## EXERCISE DIRECTIONS:
Without the pictures, give the listing below again exactly.

## DATA:
--
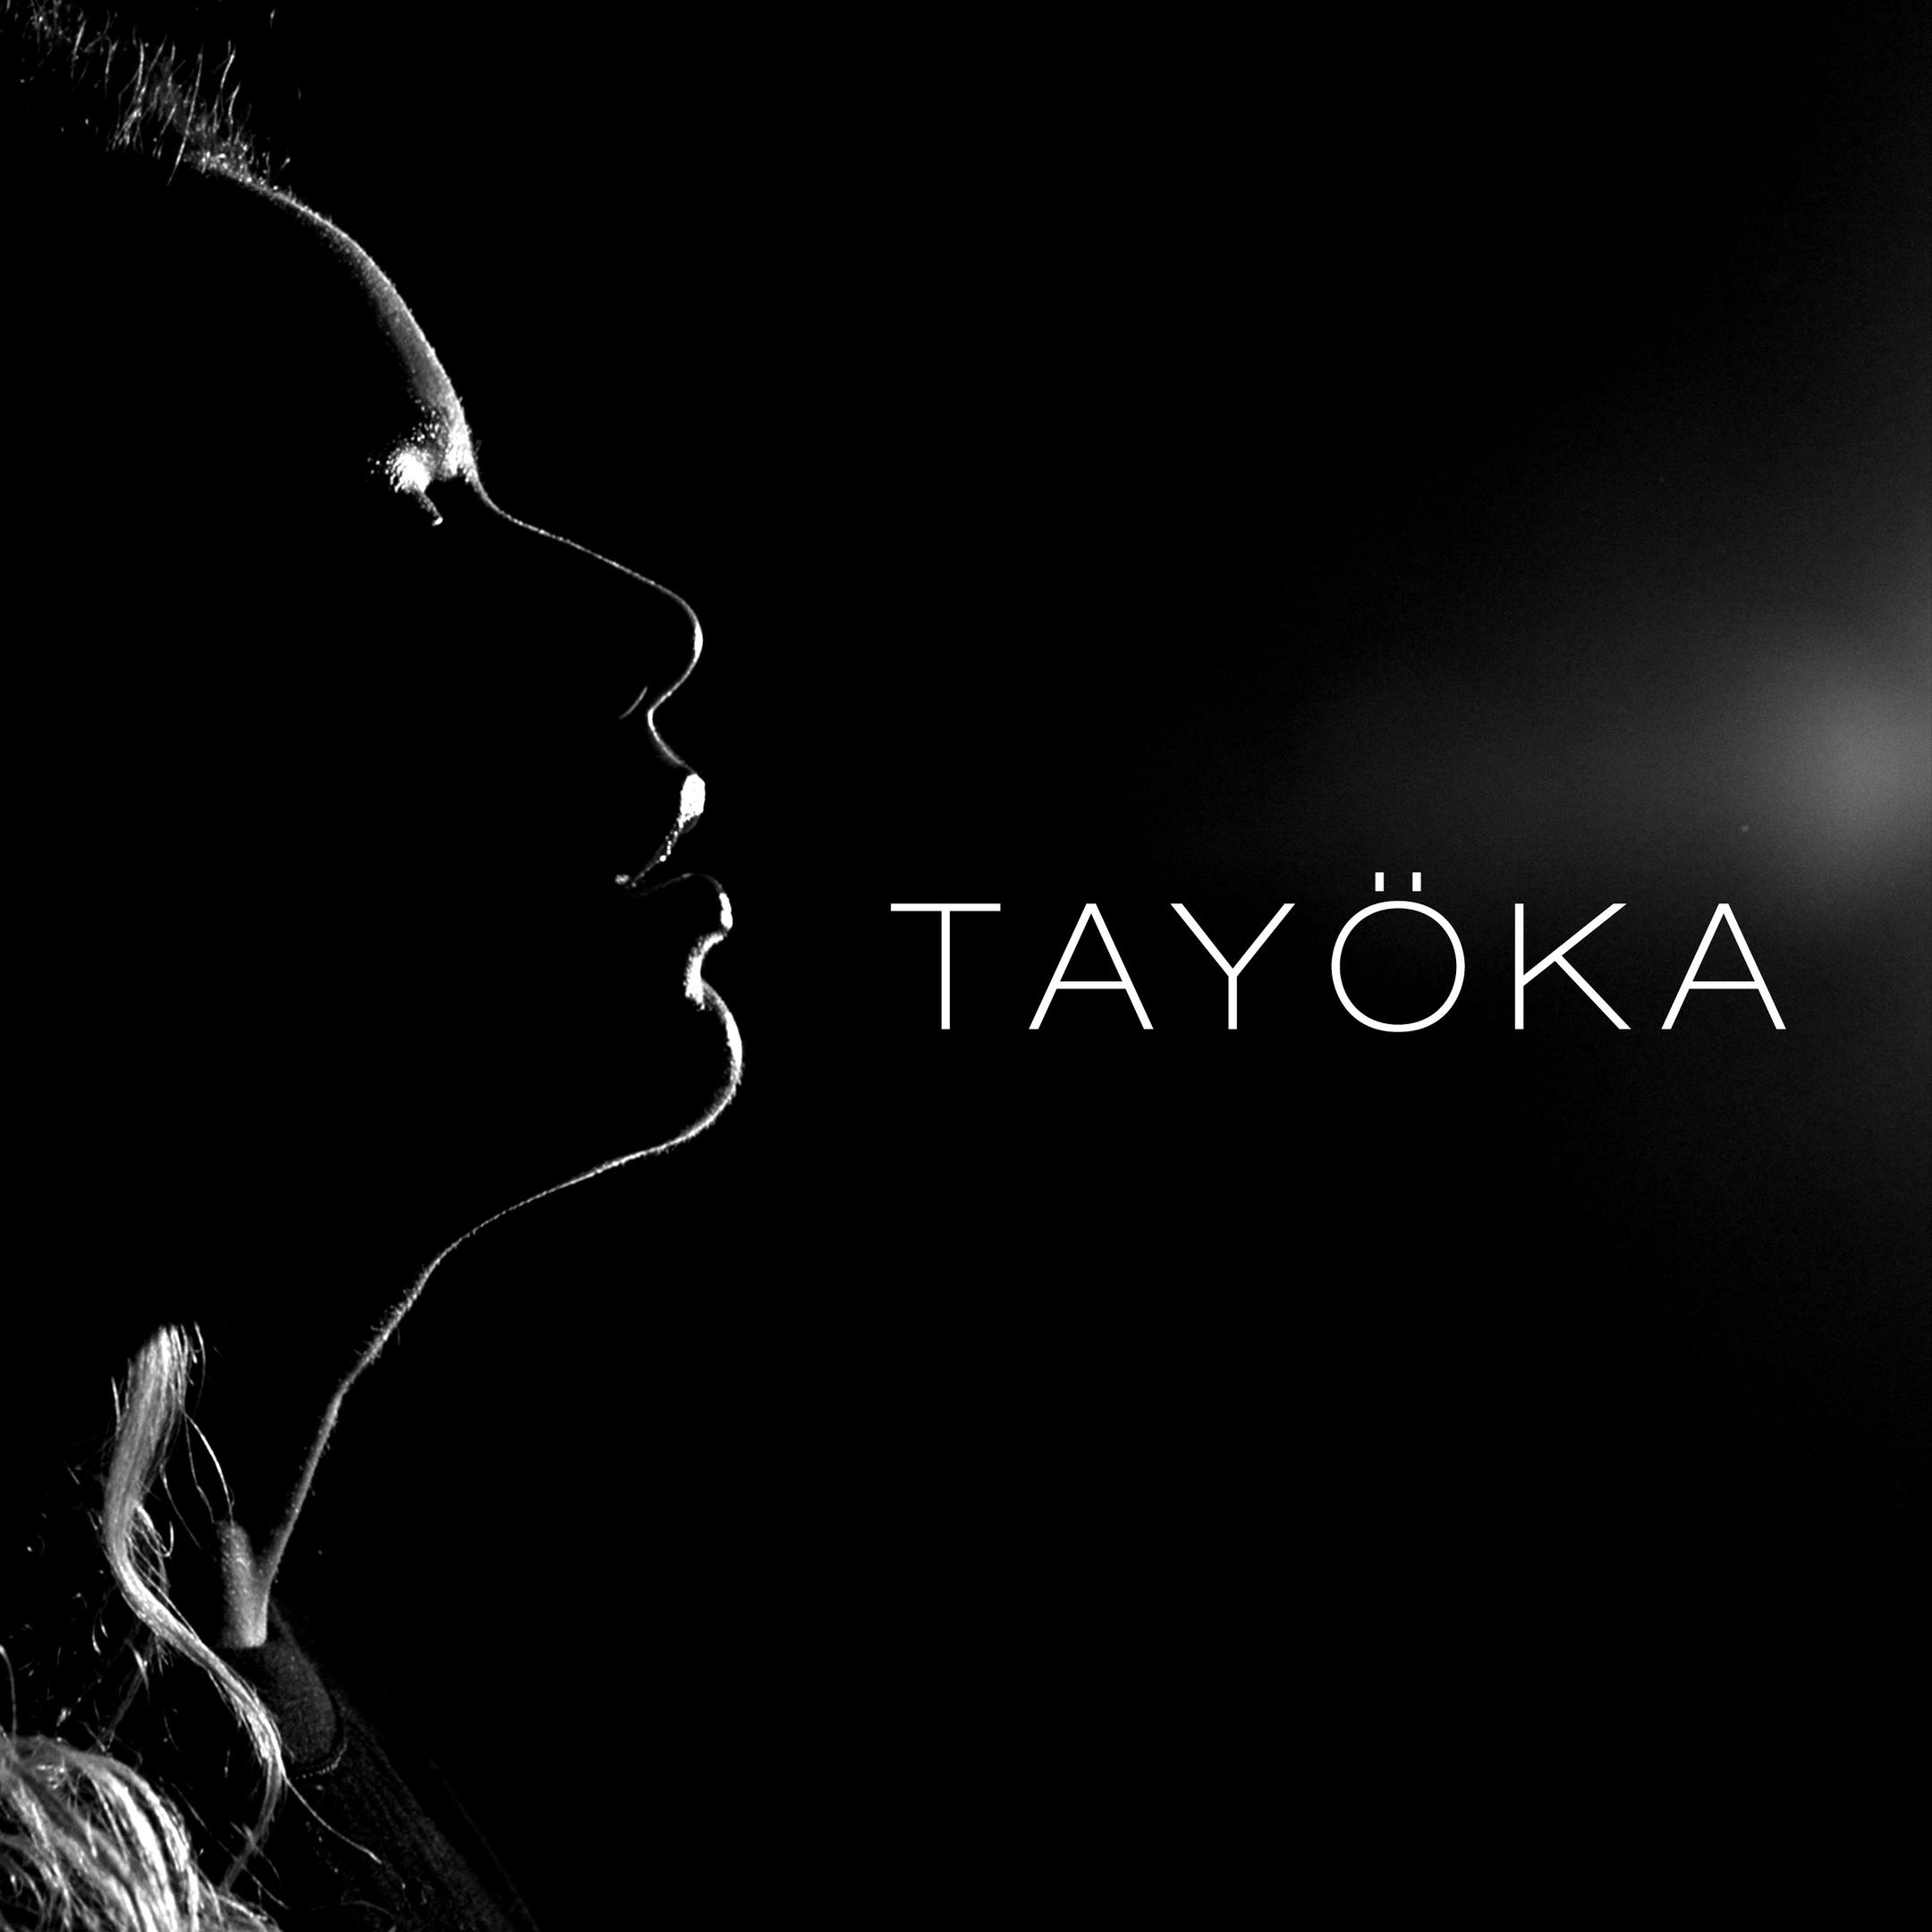 tayoka певица
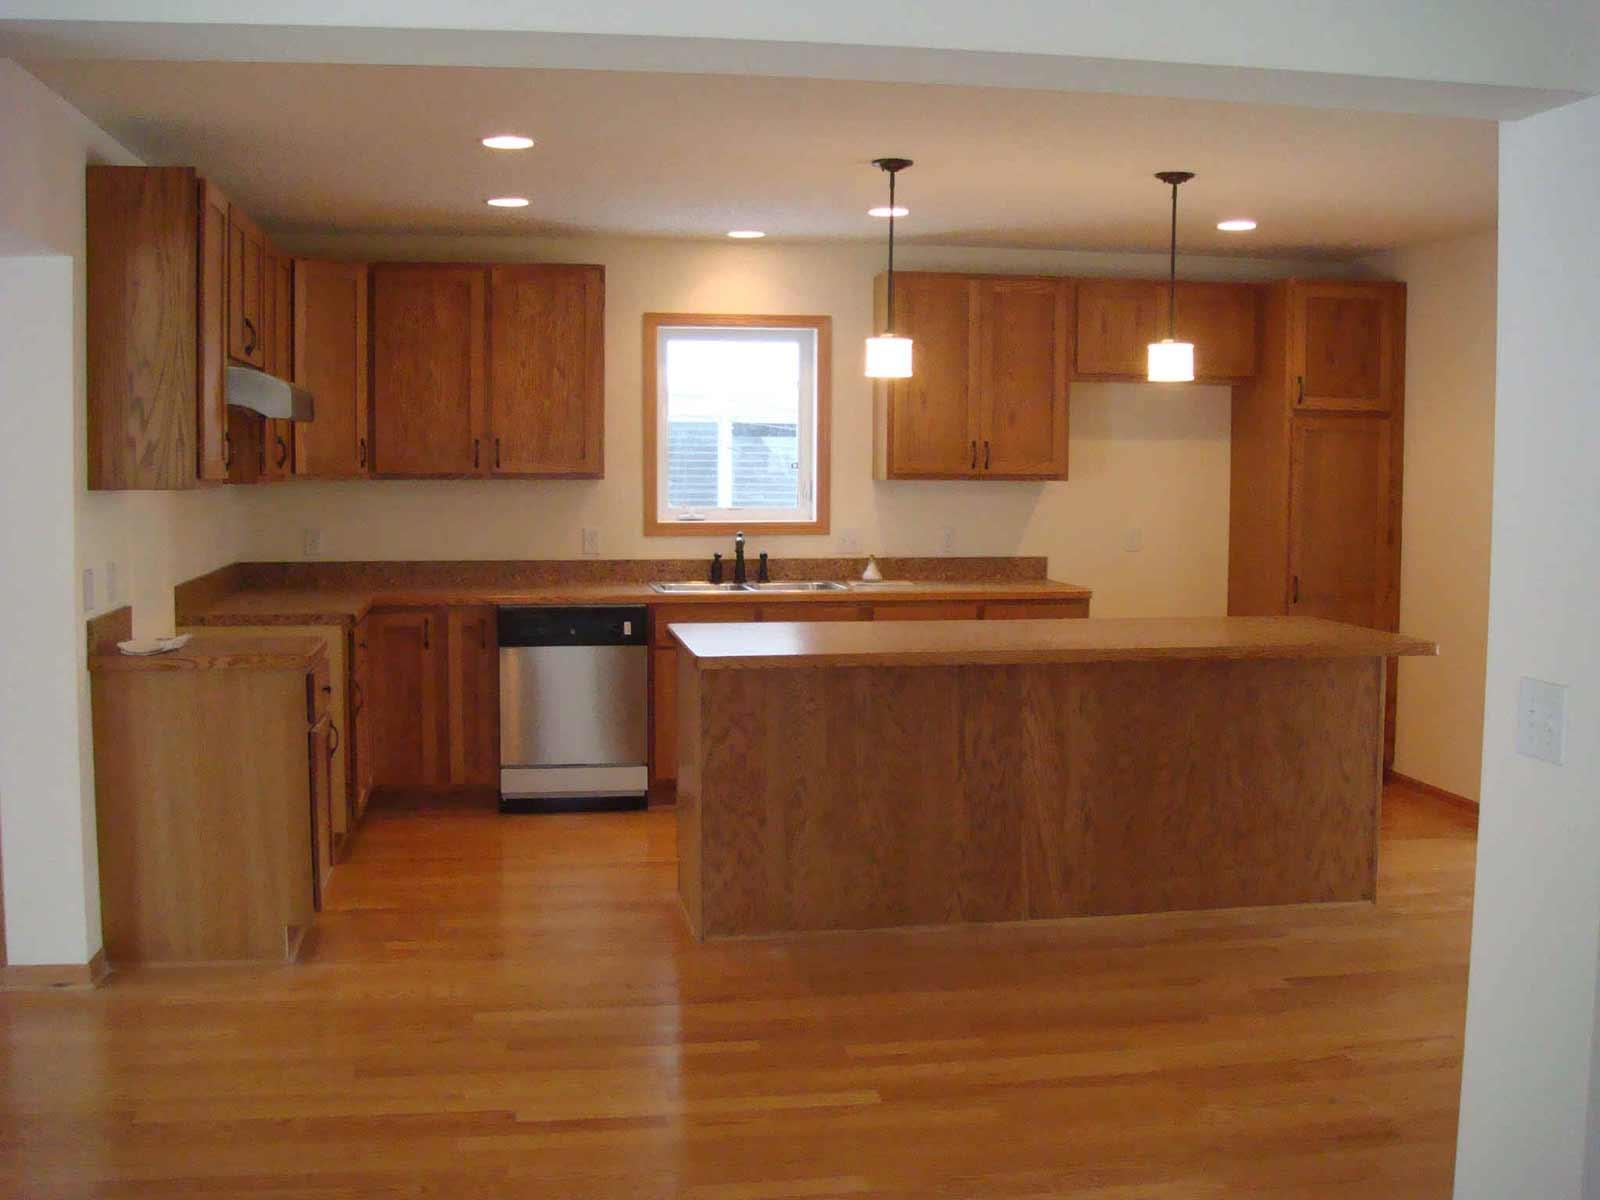 Laminate Wood Flooring For Kitchen
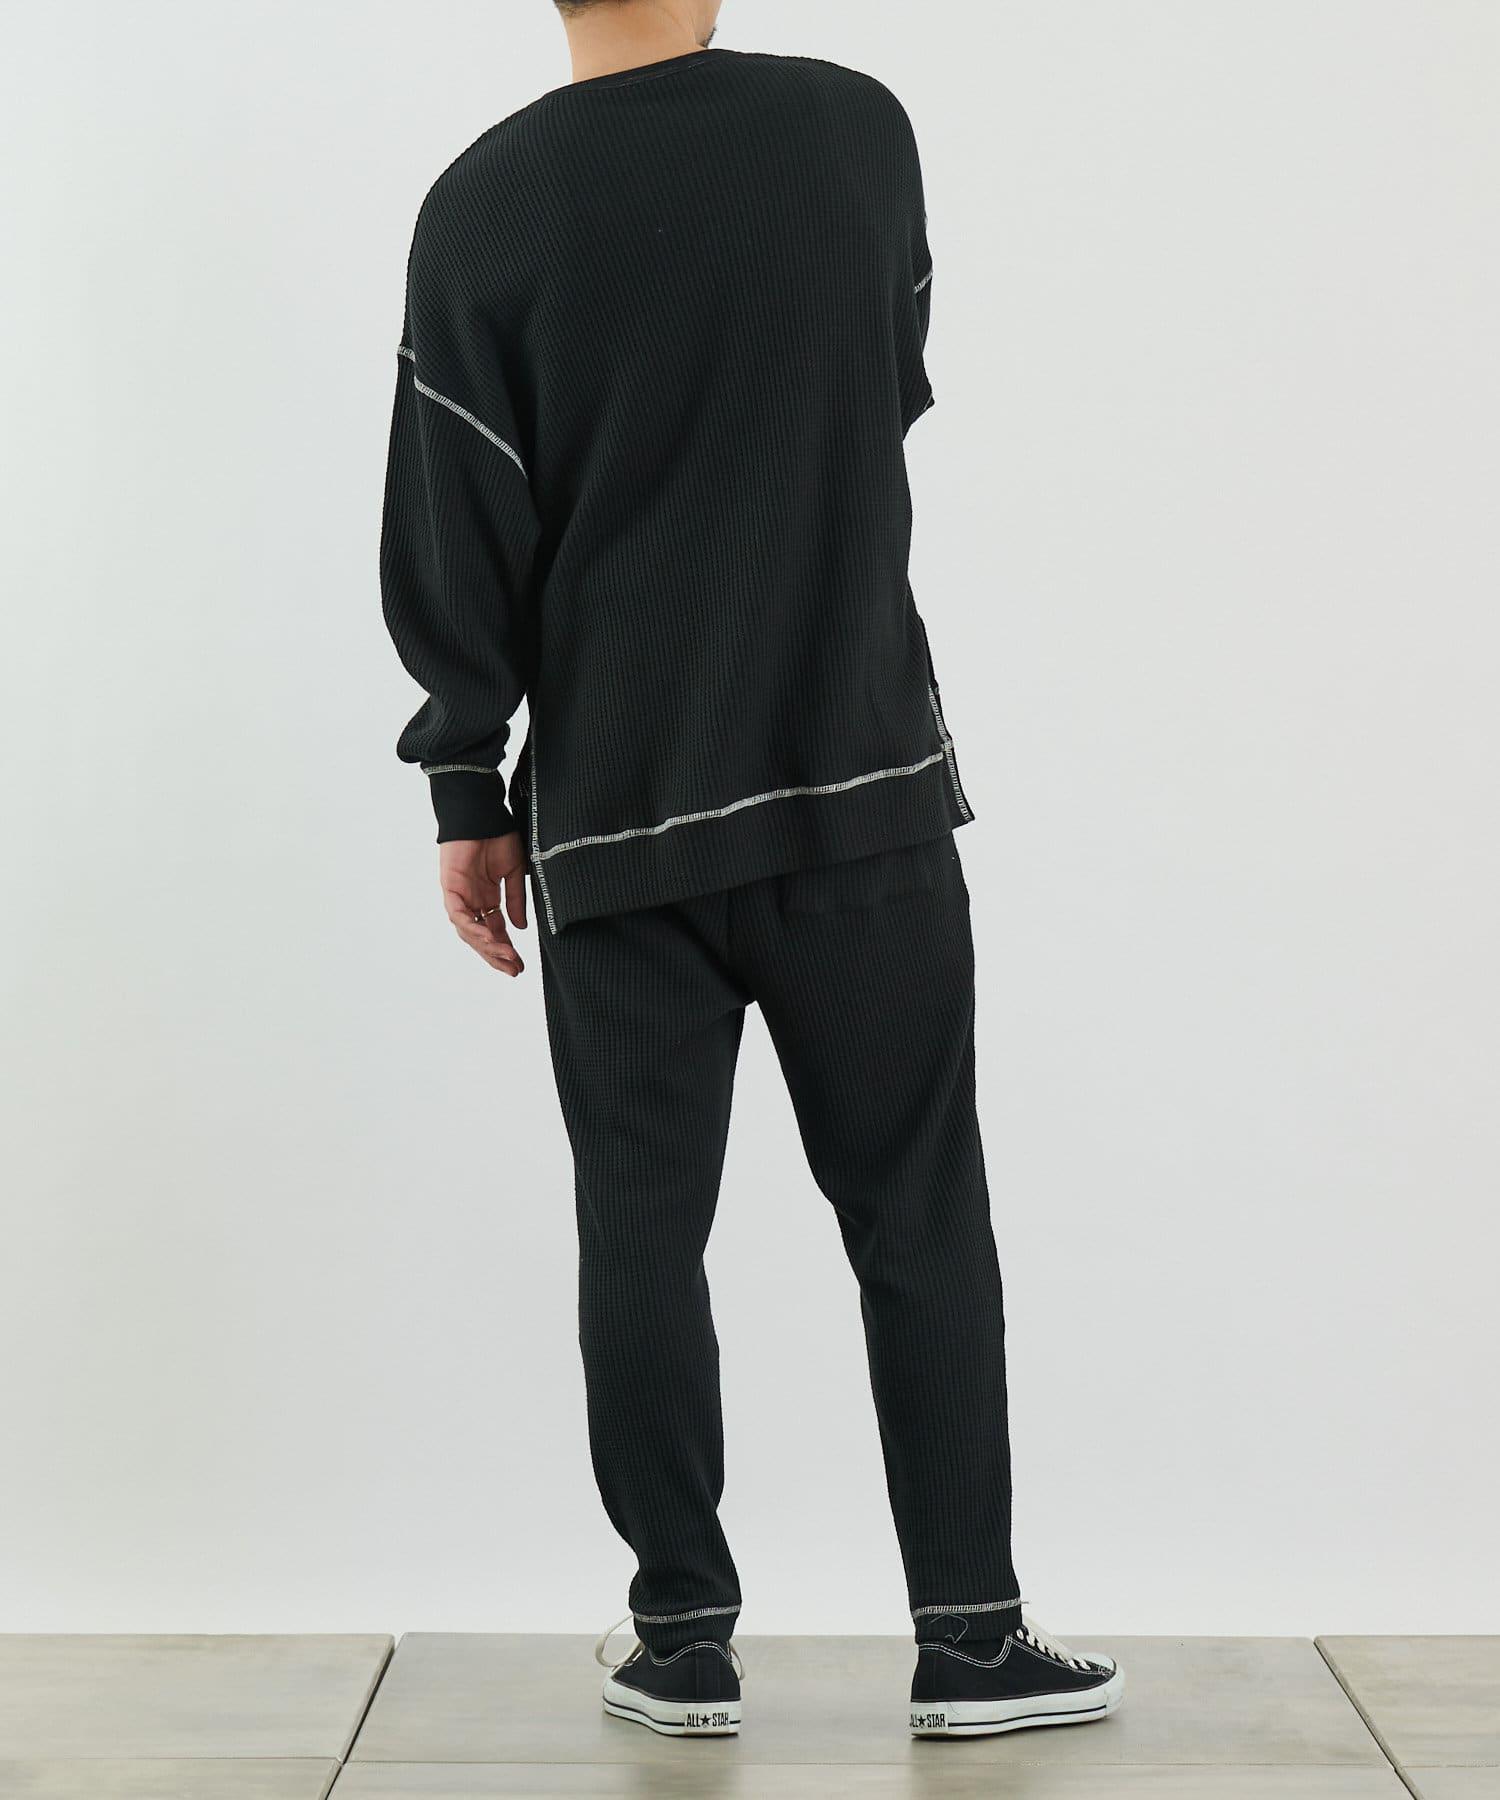 COLONY 2139(コロニー トゥーワンスリーナイン) 【MEN'S】配色ステッチワッフル前後差長袖Tシャツ/ルームウェア
--
## OUTPUT BELOW:
 tayoka певица
 Laminate Wood Flooring For Kitchen
 COLONY 2139(コロニー トゥーワンスリーナイン) 【MEN'S】配色ステッチワッフル前後差長袖Tシャツ/ルームウェア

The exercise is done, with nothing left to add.